:: Exercise brief ::
Skip the pictures. Output only the lines below starting at the line with "Landschaftsbild: ein braunes, abgemähtes" and ending at the line with "A vivid landscape in watercolor", both ends included, exactly as they are.

:: Data for this task ::

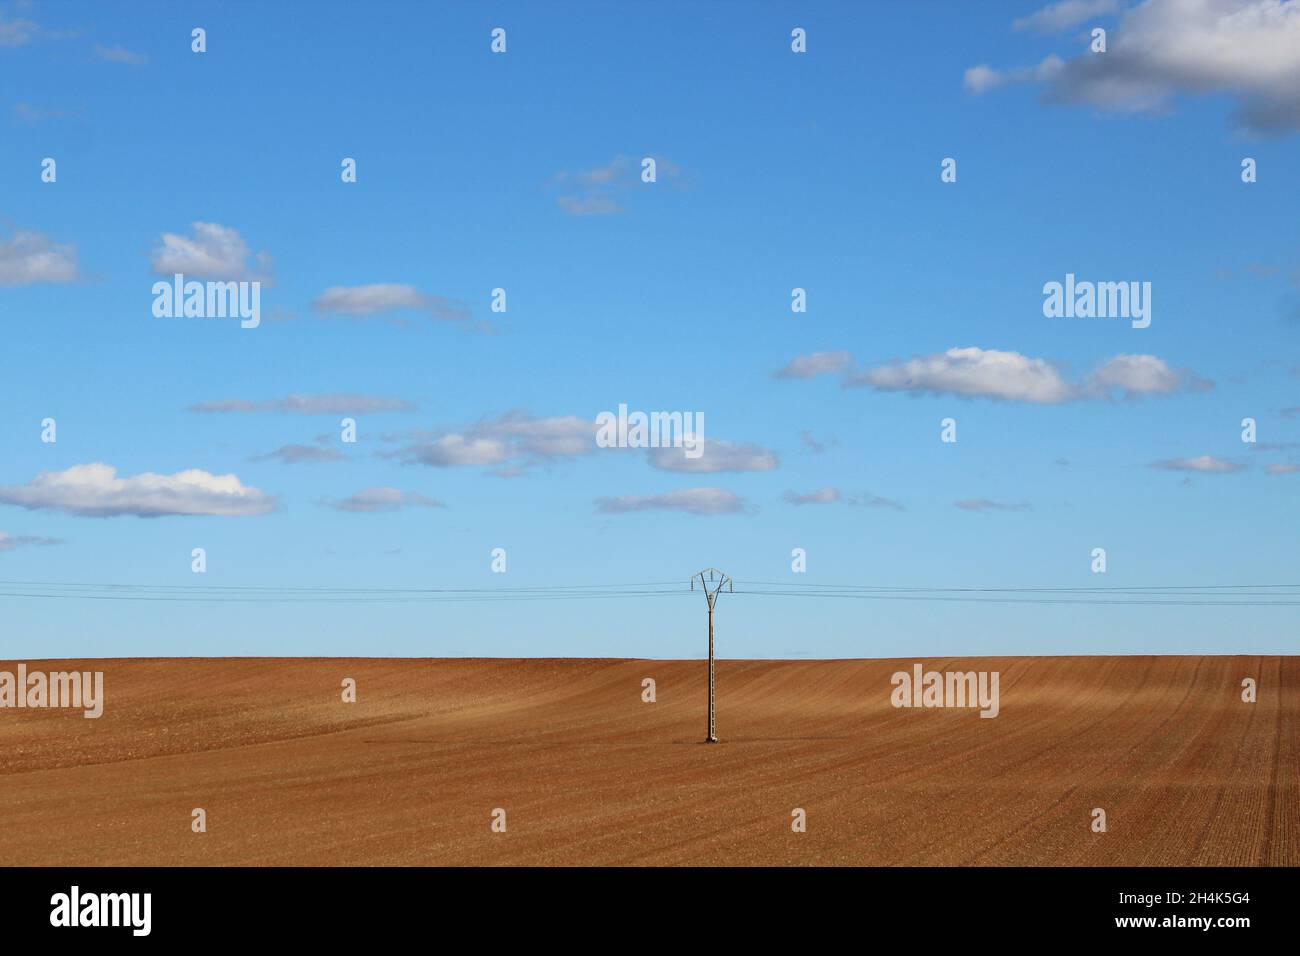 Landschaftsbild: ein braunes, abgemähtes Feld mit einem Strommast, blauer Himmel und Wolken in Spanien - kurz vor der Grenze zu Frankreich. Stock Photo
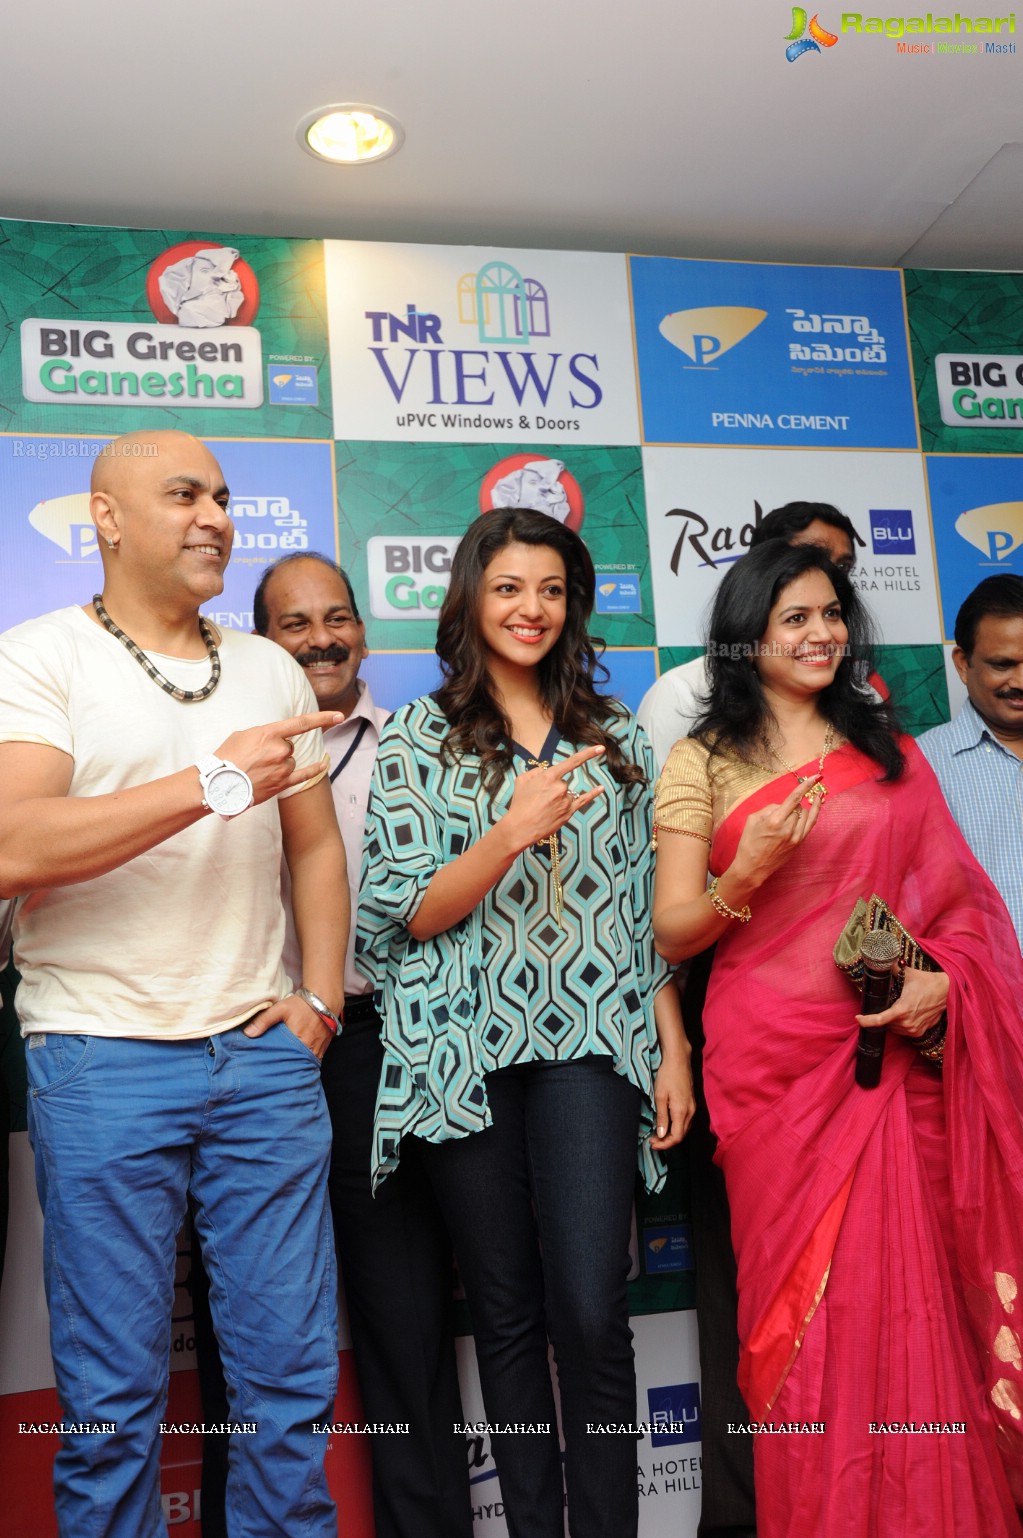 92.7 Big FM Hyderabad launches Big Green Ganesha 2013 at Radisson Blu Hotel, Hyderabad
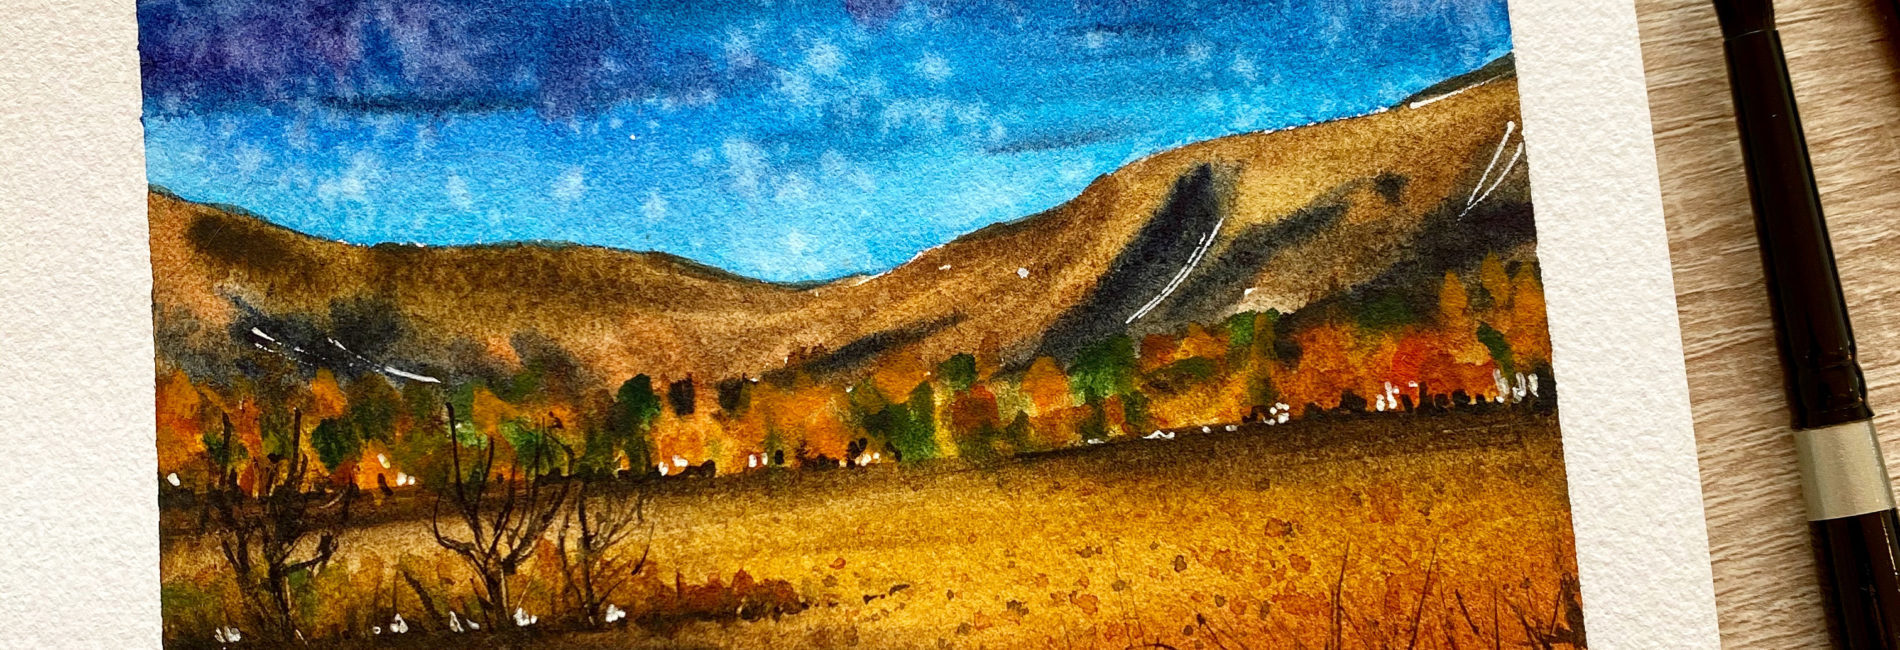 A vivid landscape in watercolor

--

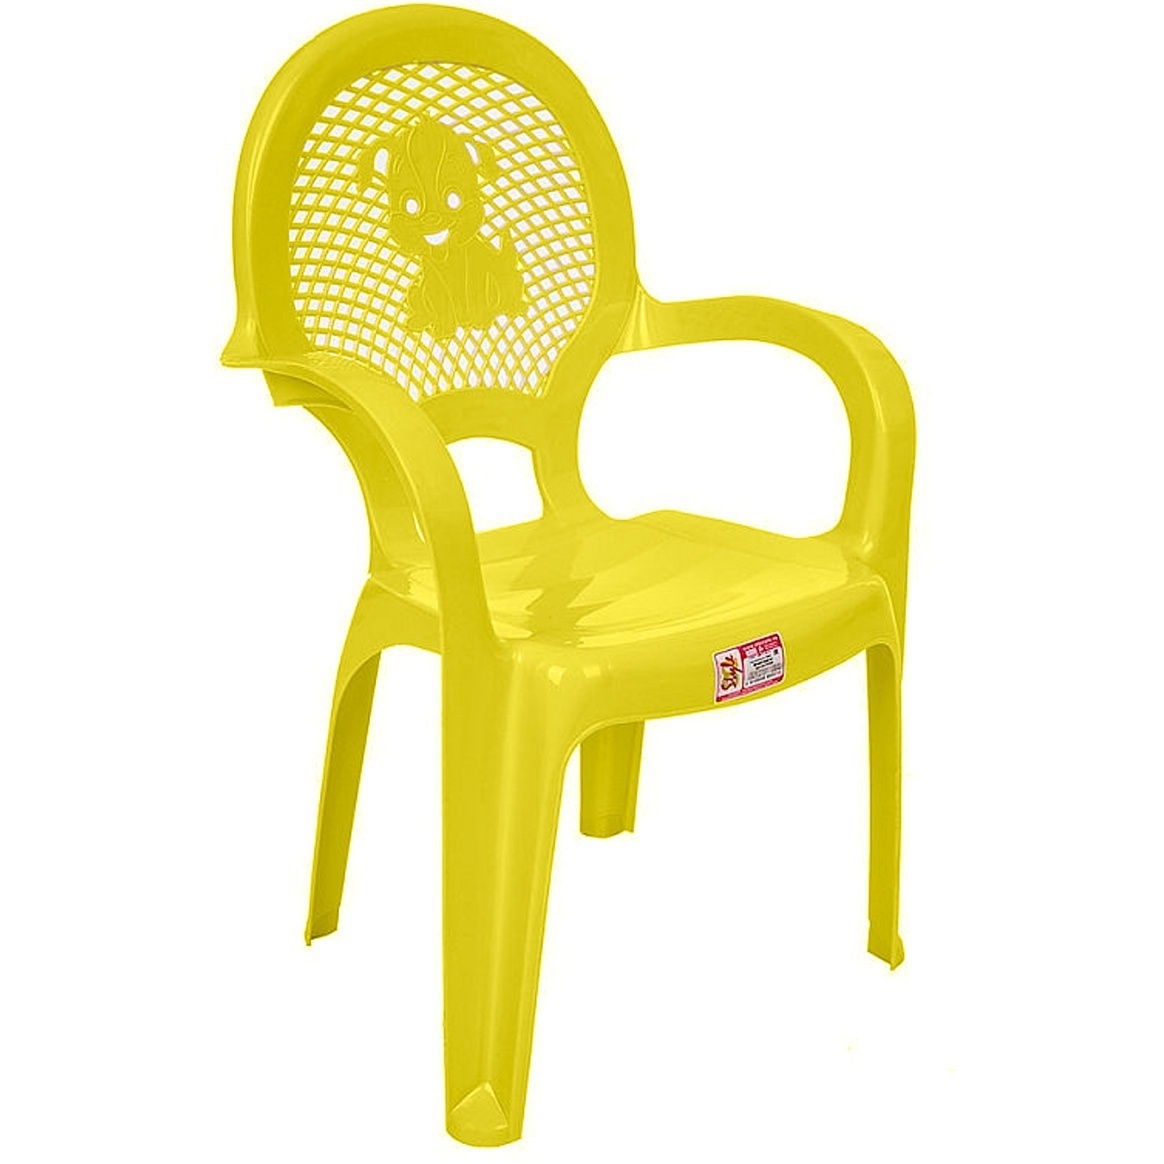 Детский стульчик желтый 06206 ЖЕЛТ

:: Answer to this exercise ::
 Landschaftsbild: ein braunes, abgemähtes Feld mit einem Strommast, blauer Himmel und Wolken in Spanien - kurz vor der Grenze zu Frankreich. Stock Photo
 92.7 Big FM Hyderabad launches Big Green Ganesha 2013 at Radisson Blu Hotel, Hyderabad
 A vivid landscape in watercolor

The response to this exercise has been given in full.